### PROBLEM DETAILS
Transcribe all the data below exactly, leaving its pictures out.

-*-*-

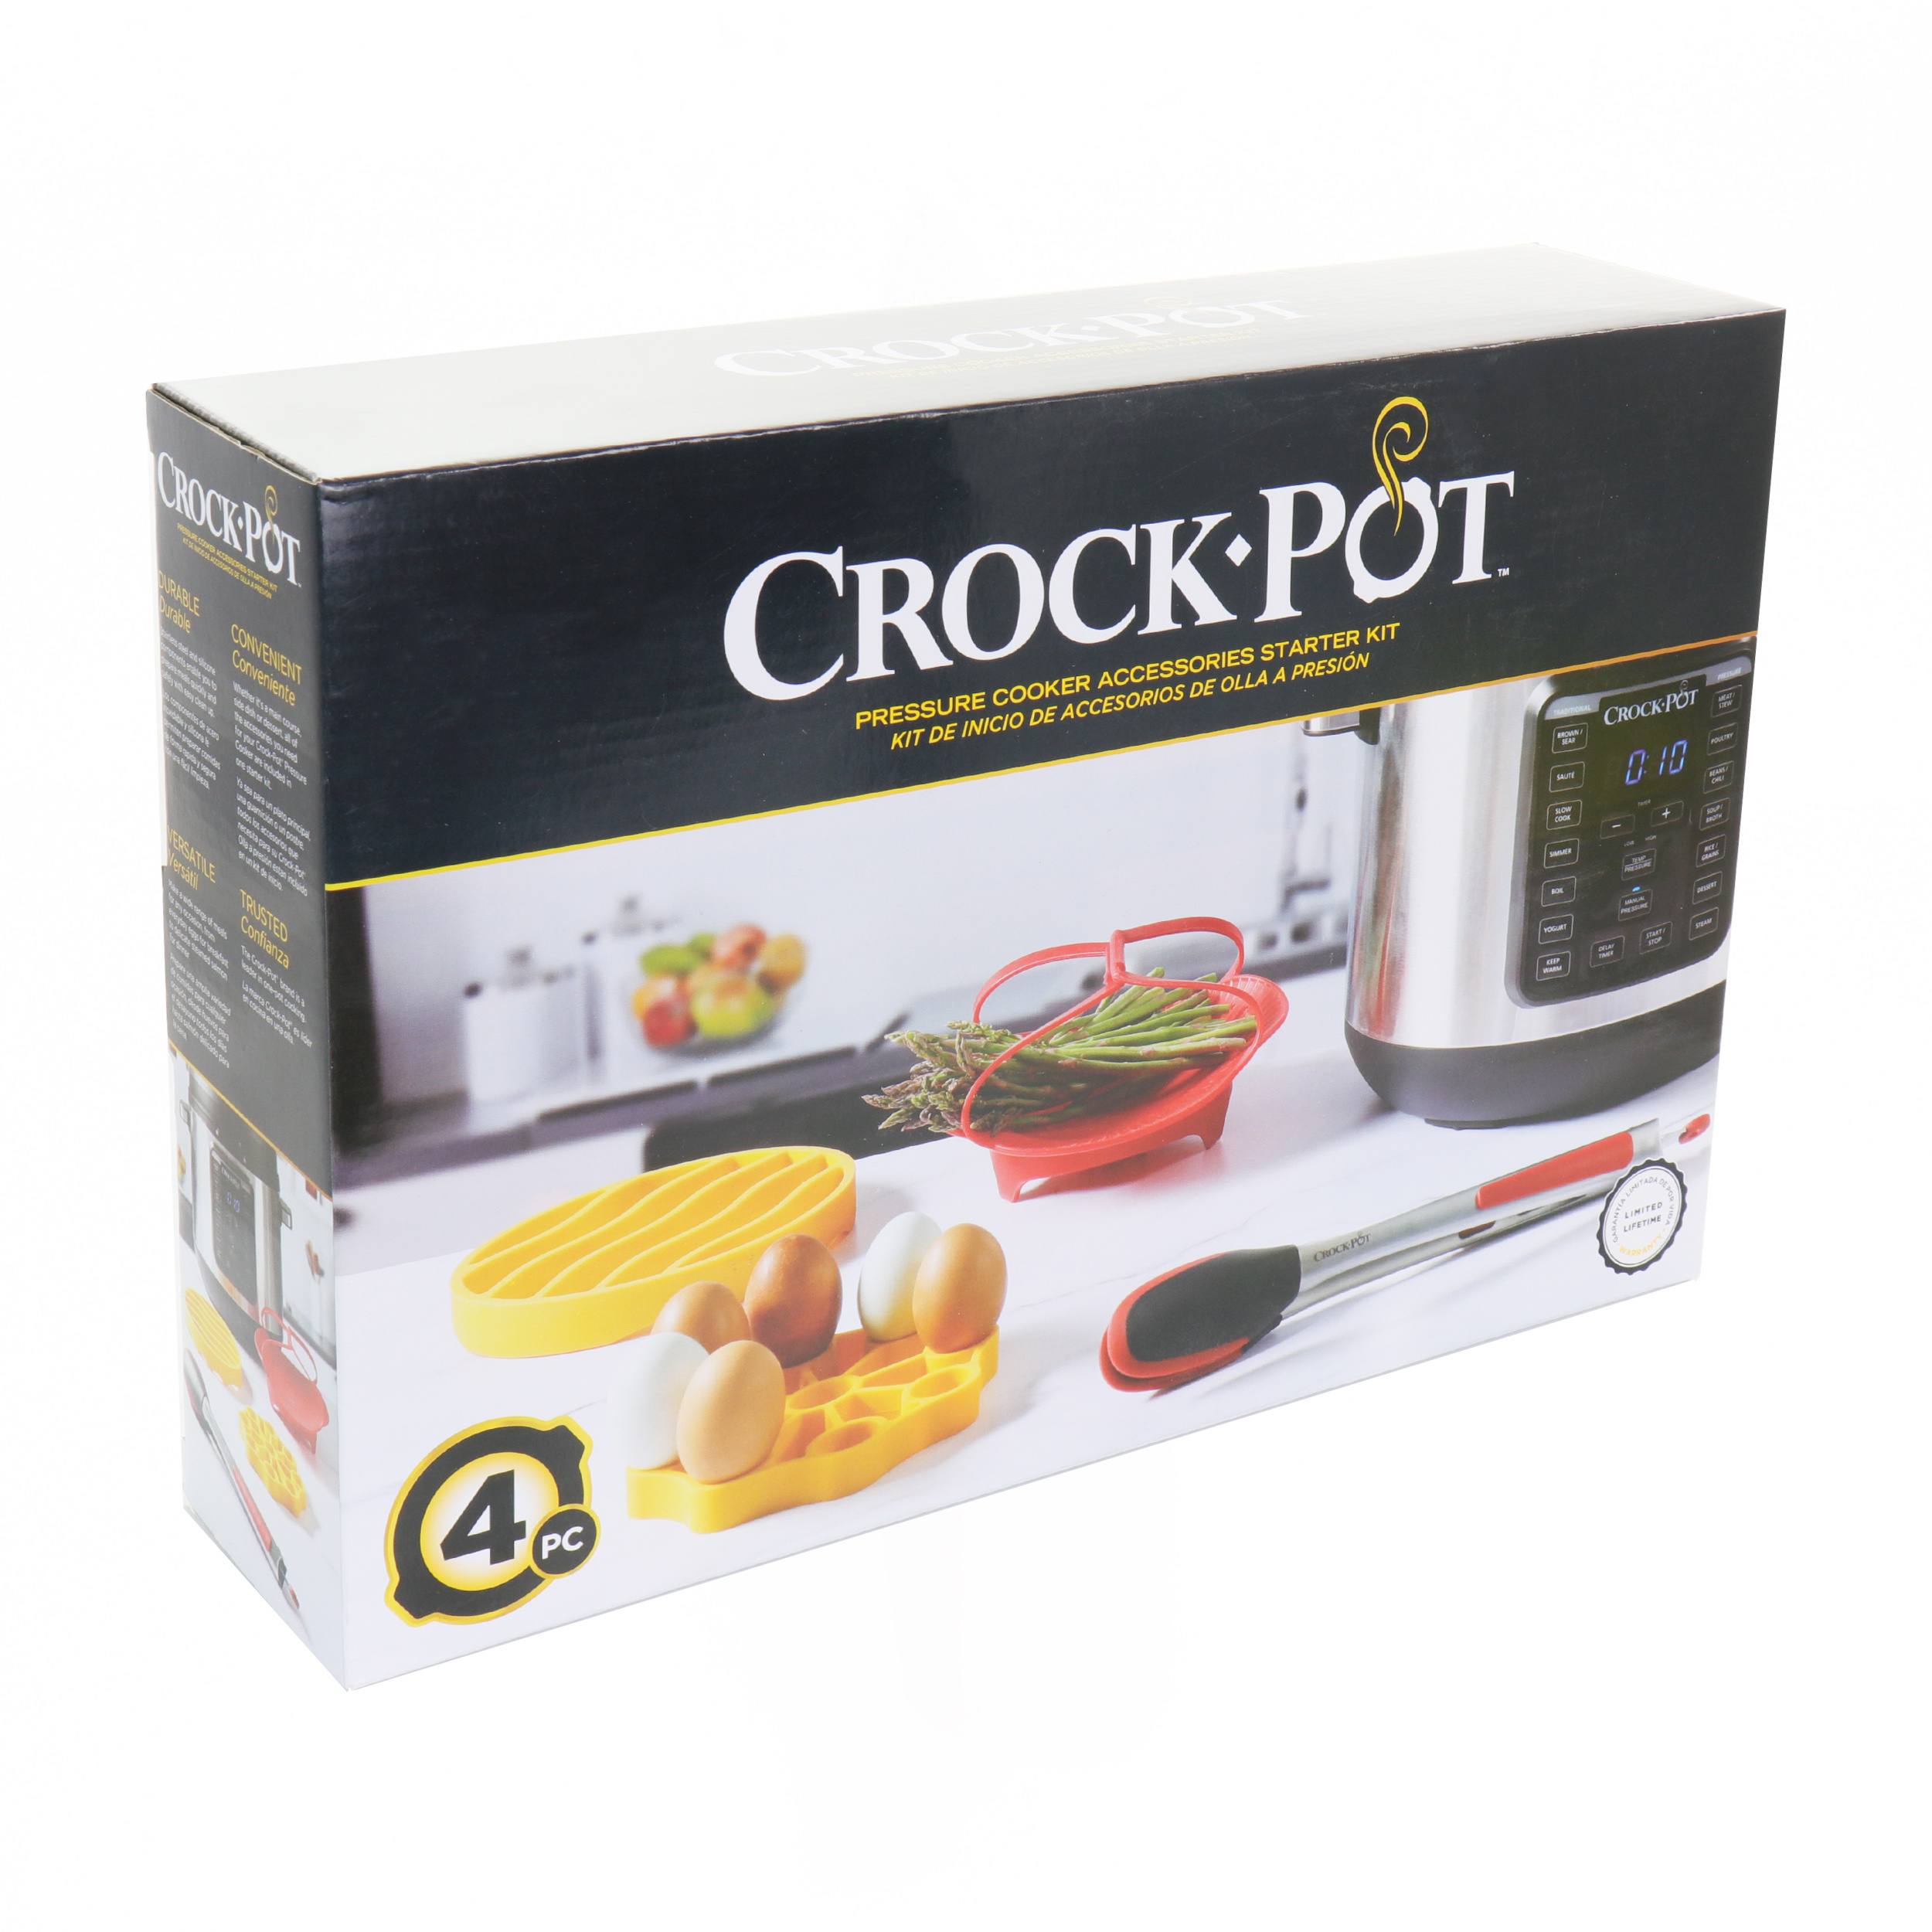 Crock-Pot 4 Piece Pressure Cooker Accessories Starter Kit
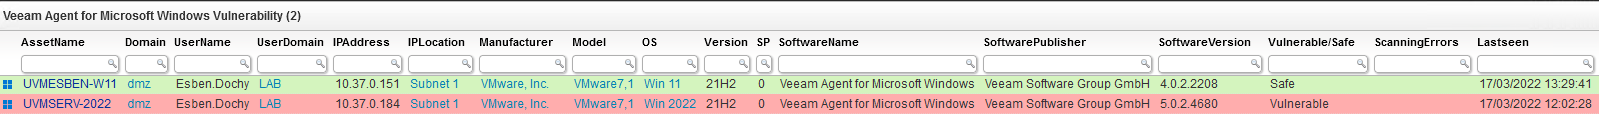 Veeam agent vulnerability report
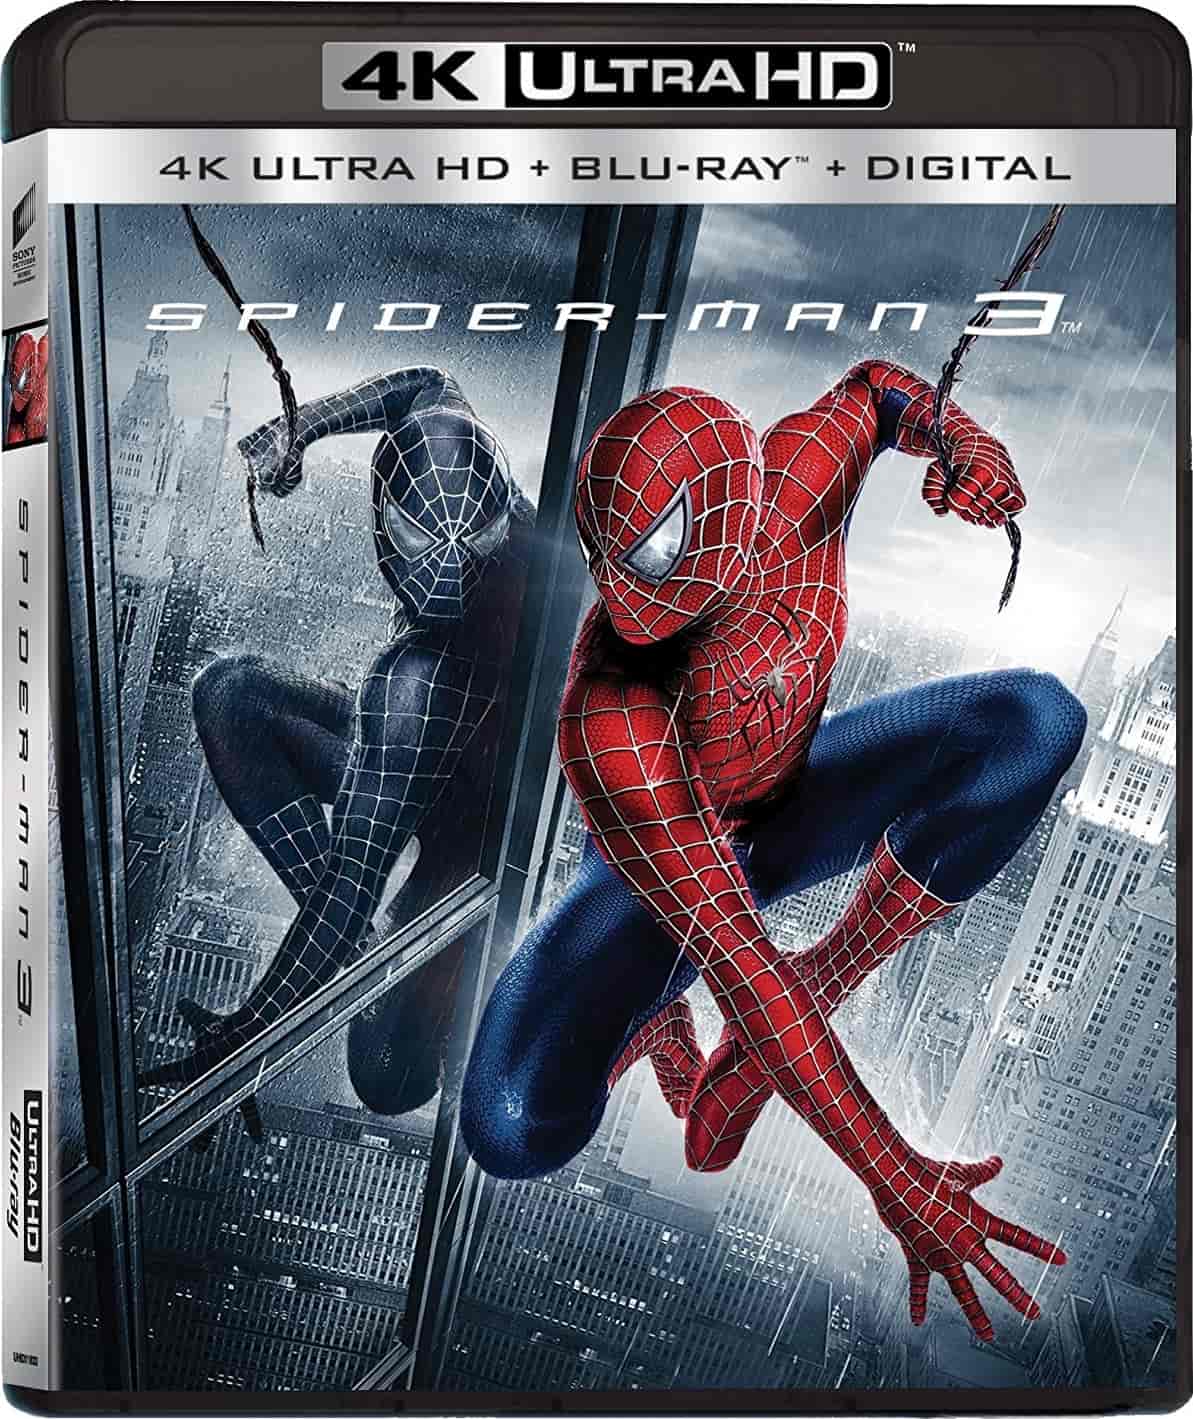 Stiahni si UHD Filmy Spider-Man 3 (2007)(CZ/SK/EN)[2160p] = CSFD 62%
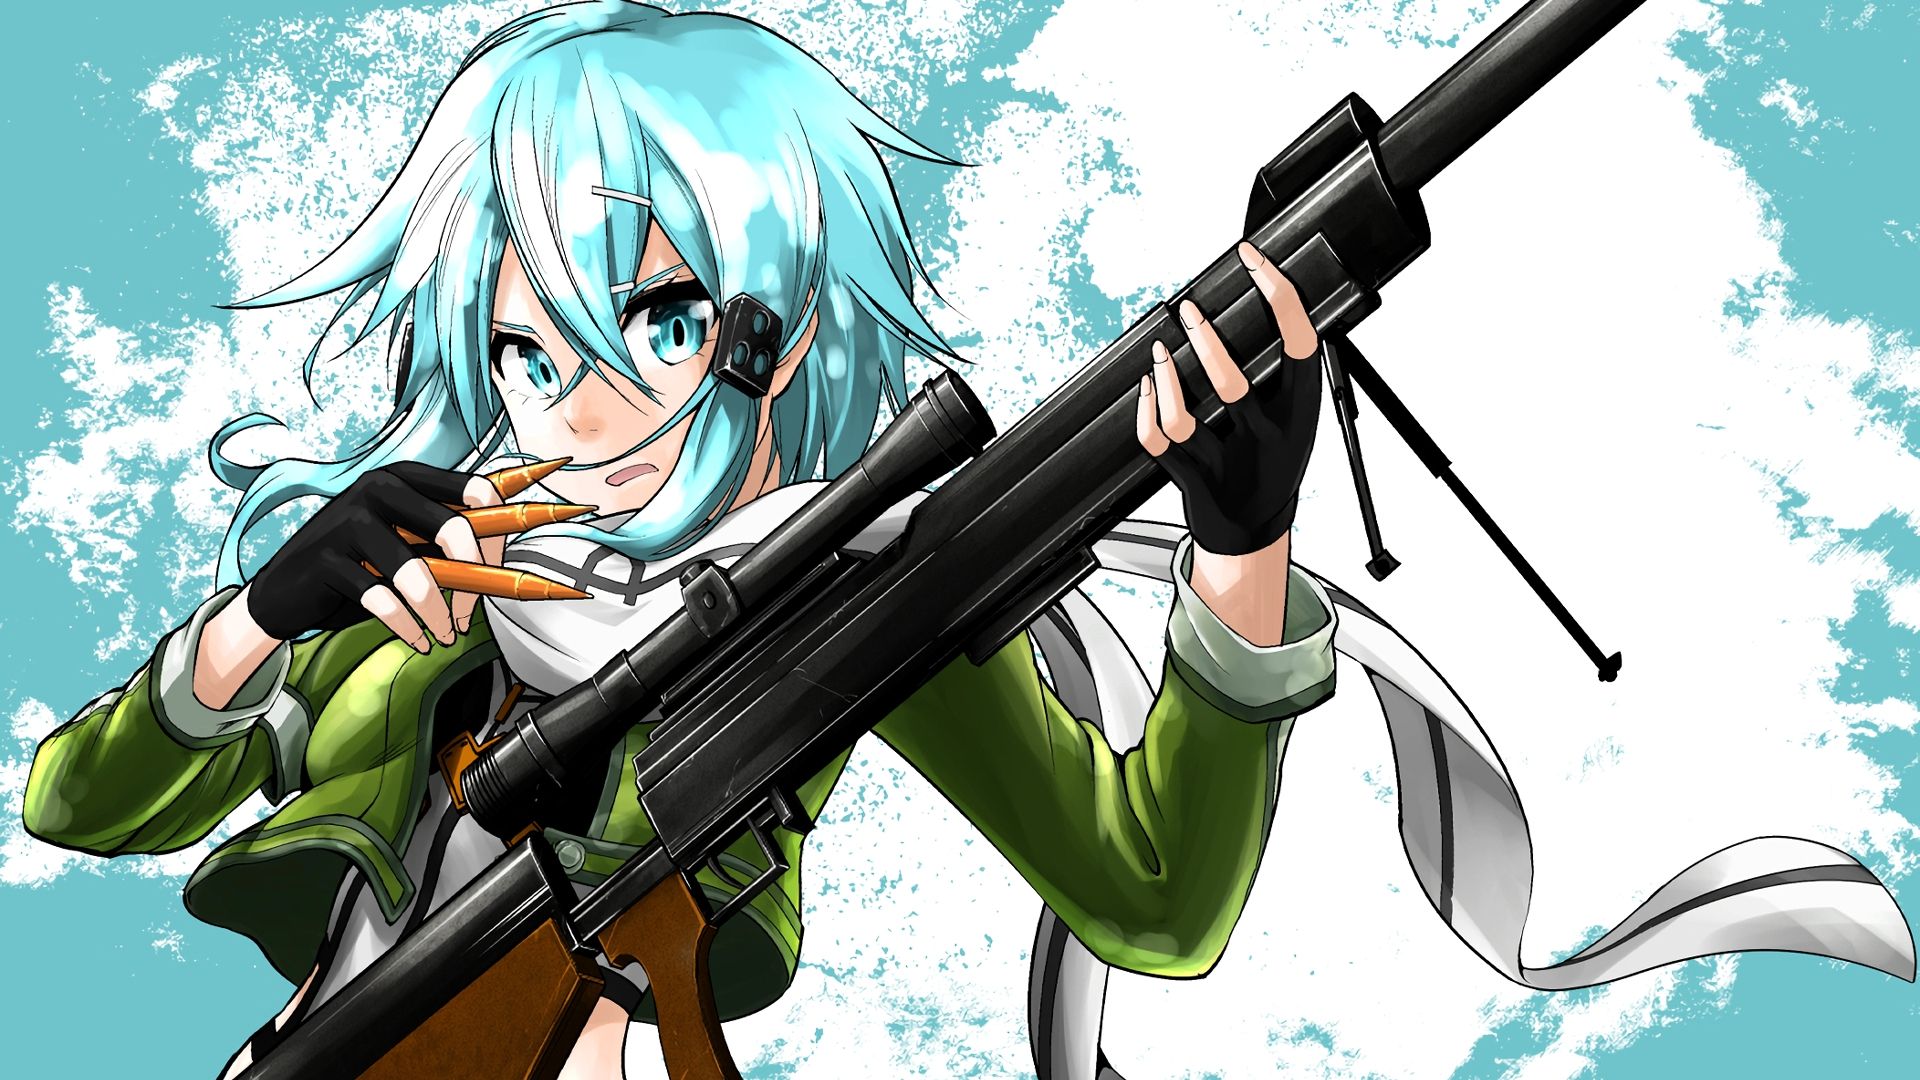 Desktop Wallpaper Asada Shino, Sinon With Gun Anime, HD Image, Picture, Background, Kysjqb
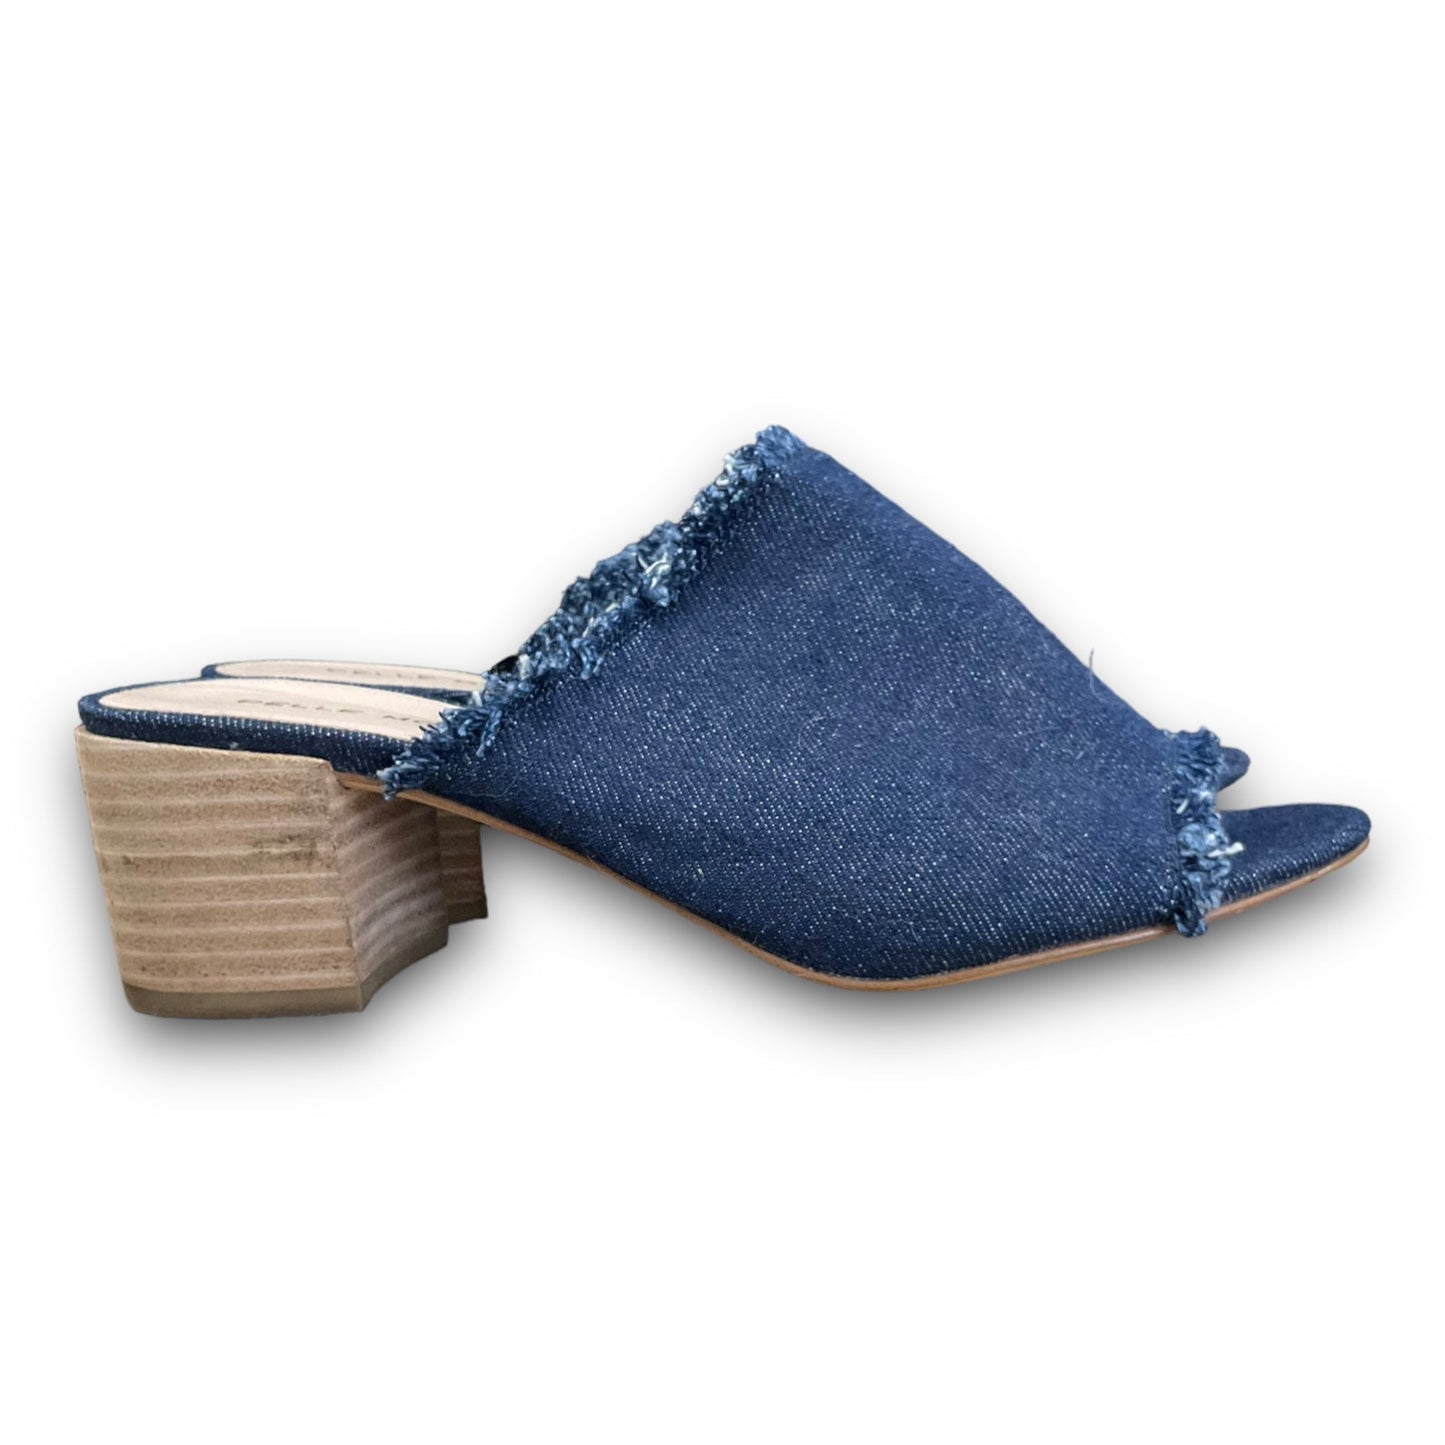 Blue Denim Shoes Heels Block Clothes Mentor, Size 8

-*-*-

### WORKED SOLUTION
 Crock-Pot 4 Piece Pressure Cooker Accessories Starter Kit
 Veeam agent vulnerability report
 Stiahni si UHD Filmy Spider-Man 3 (2007)(CZ/SK/EN)[2160p] = CSFD 62%
 Desktop Wallpaper Asada Shino, Sinon With Gun Anime, HD Image, Picture, Background, Kysjqb
 Blue Denim Shoes Heels Block Clothes Mentor, Size 8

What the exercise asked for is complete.